Today’s texts – Psalm 26 and John 6: 24-35

By Pastor Phil
By Pastor Phil

It was a winter morning when Sara Miles went out for a walk. Taking a walk was nothing unusual for her. Walking past St. Gregory of Nyssa Episcopal Church in San Francisco, a wooden building with shingled steeples and plain windows, was nothing new. She had passed it before.

But on this day, she randomly decided to go inside to see what they did in there.

“I had no earthly reason to be there,” she would write later. “I’d never heard a Gospel reading, never said the Lord’s Prayer. I was certainly not interested in becoming a Christian – or, as I thought of it rather less politely, a religious nut.”

She said she went in with no more than a reporter’s habitual curiosity.

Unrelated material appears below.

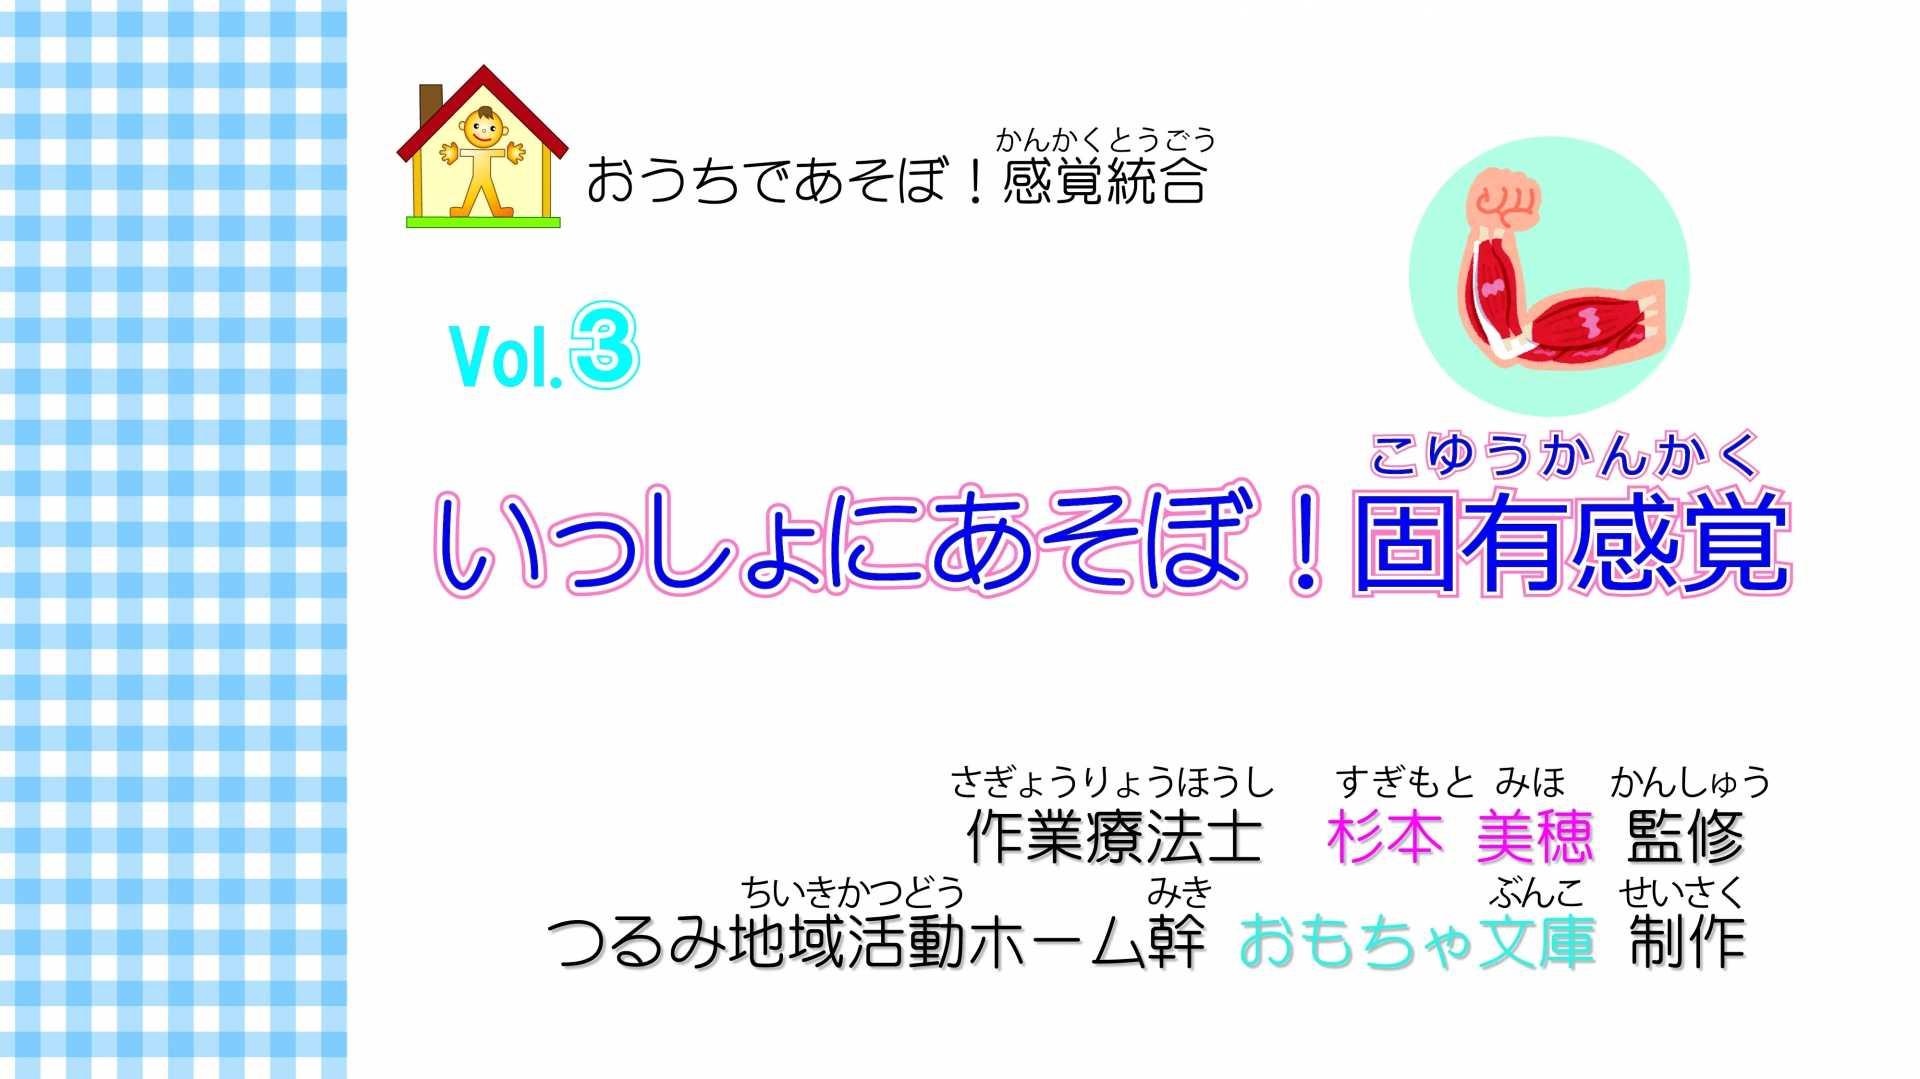 ひらがなver. おうちであそぼ!感覚統合Vol.3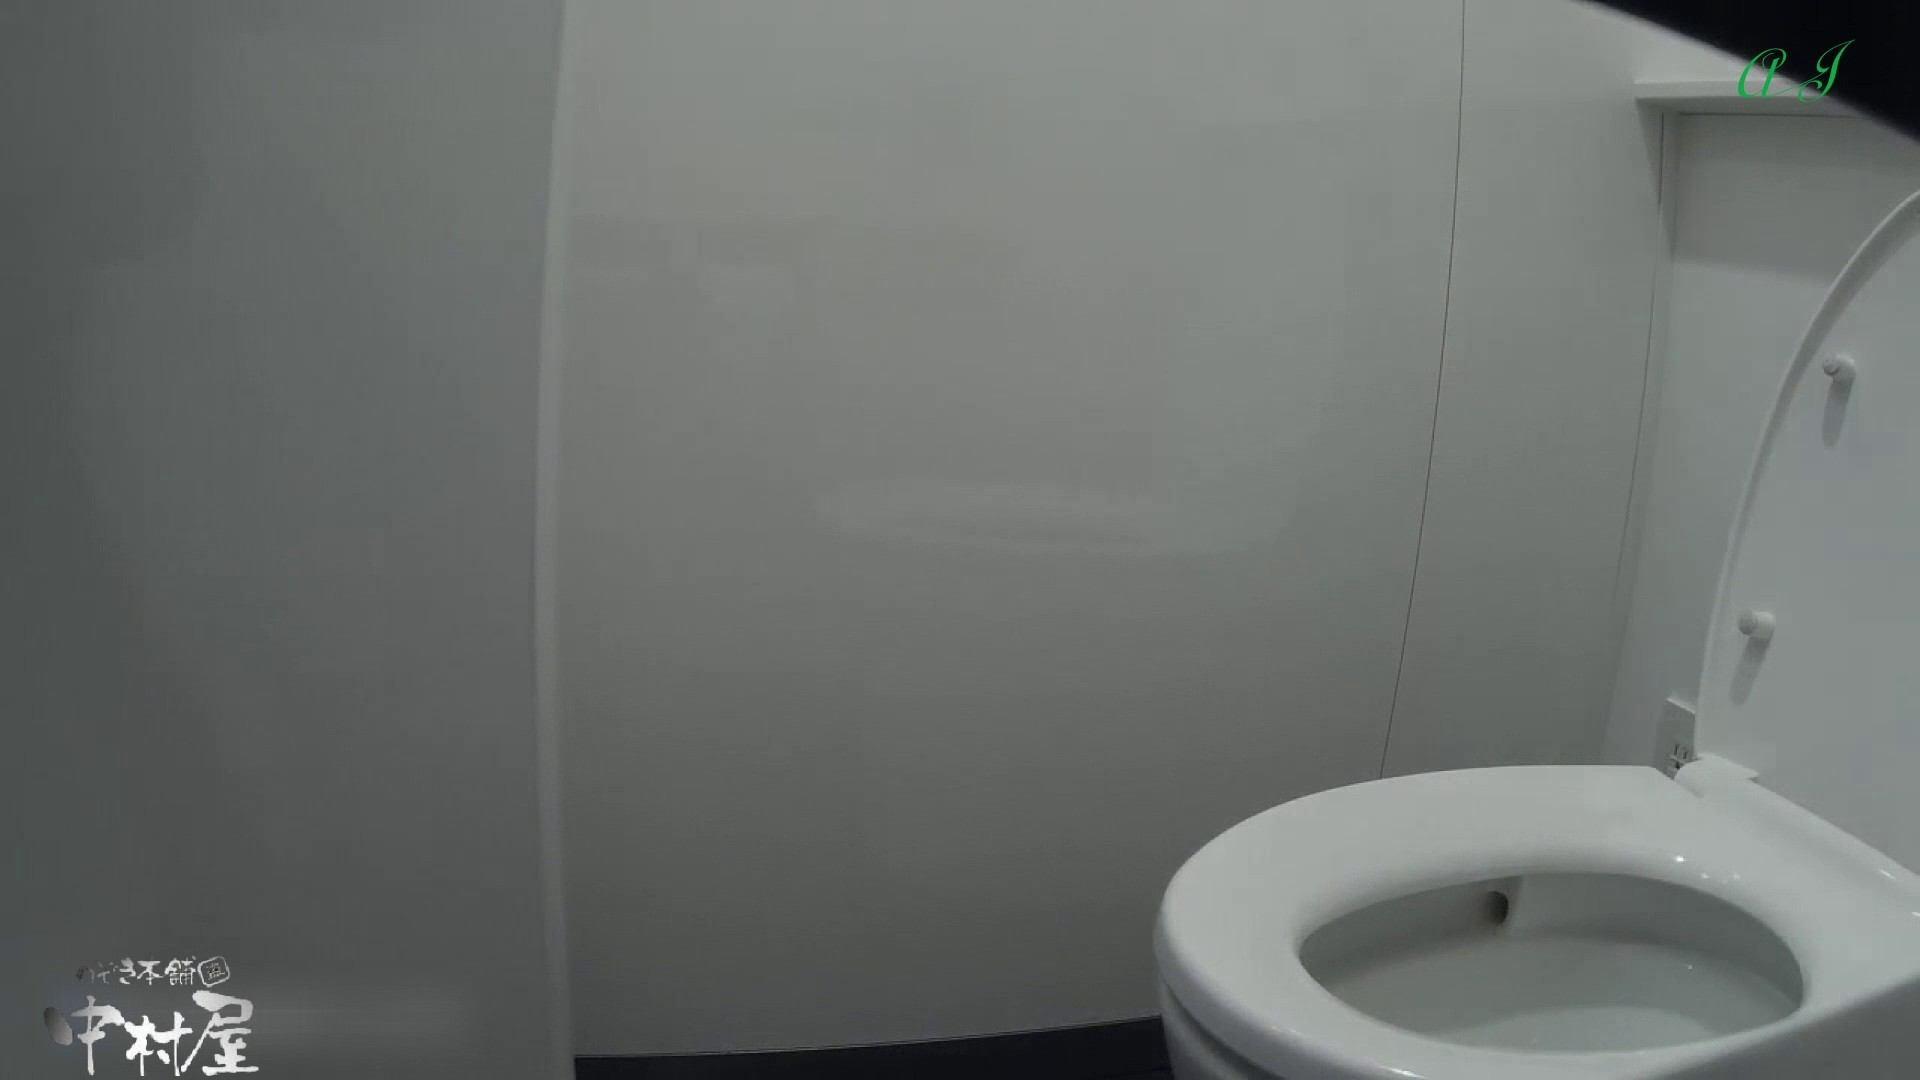 大あり美JDトイレ盗satu【有名大学女性洗面所 vol.80】 和式トイレ | 洗面所突入  81pic 26

Sara MilesShe was a journalist. She had reported on wars in El Salvador and in the Philippines. Before that, she was a cook in restaurants in New York City. This was kitchen work, nothing as fancy as being a chef.

Her parents had left the faith of their parents long ago and Sara was raised with no religious experience or knowledge. For her, Sunday mornings were a great time to drink coffee and read The New York Times.

But on this day, she walked through the doors of St. Gregory’s to see what was going on. She entered as the least likely to find this to be the moment that would transform her life.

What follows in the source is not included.